Science and technology (S&T). Ensure S&T activities are compatible with policies in the local country, and technology transfer where appropriate is encouraged, provided intellectual property (IP) rights are respected. As far as possible, perform S&T in the host country to address local (job or technology) needs, and licences for patented technology should be agreed to on reasonable terms. Enterprises are also encouraged to work with local universities and technical institutes.

Competition. Comply with local competition law (no price-fixing, rigged bids or divided markets). Co-operate with investigating authorities, and promote employee compliance with local competition laws and regulations.

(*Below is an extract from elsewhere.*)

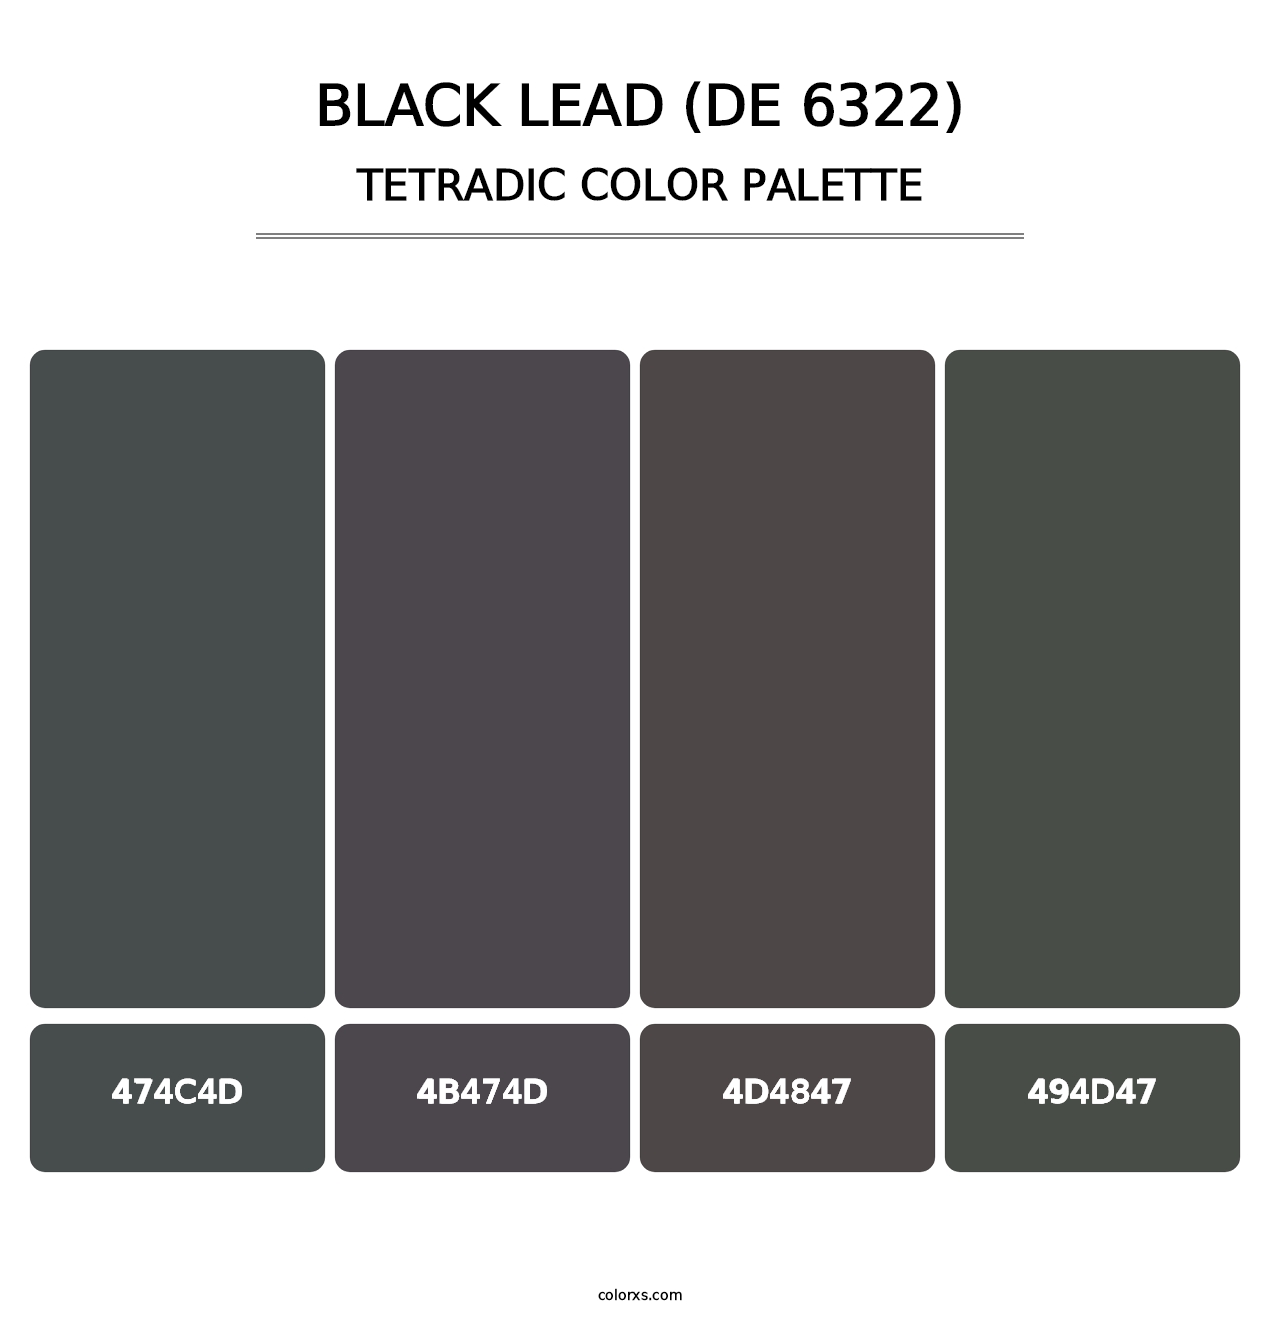 Black Lead (DE 6322) - Tetradic Color Palette

Taxation. Comply with the letter and the spirit of local tax laws. Treat compliance as an important part of general oversight and “broader risk management.”

Troubleshooting

Implementation. To help enterprises deal with potential or actual problems in following these guidelines, the OECD arranged in 2000 to have national contact points (NCPs) in participating countries. Their job is to make the guidelines available, raise awareness about them and respond to enquiries from other NCPs, the business community, worker organizations, NGOs and the public. Reach Canada’s NCP in Ottawa at www.ncp-pcn.gc.ca. It has been proactively involved in establishing guidelines for the extractive industries, (dealing with community engagement and environmental impacts) and also for supply chains, calling on other government departments for technical and logistical support. Canada will only apply its “economic diplomacy” in support of companies that adopt the guidelines and deal with the NCP.

More information. The latest (2011) edition of the guidelines is available from the NCP, or from the OECD library. The guidelines make for sensible and practical (if stodgy) reading, and companies of all sizes are well advised to follow them.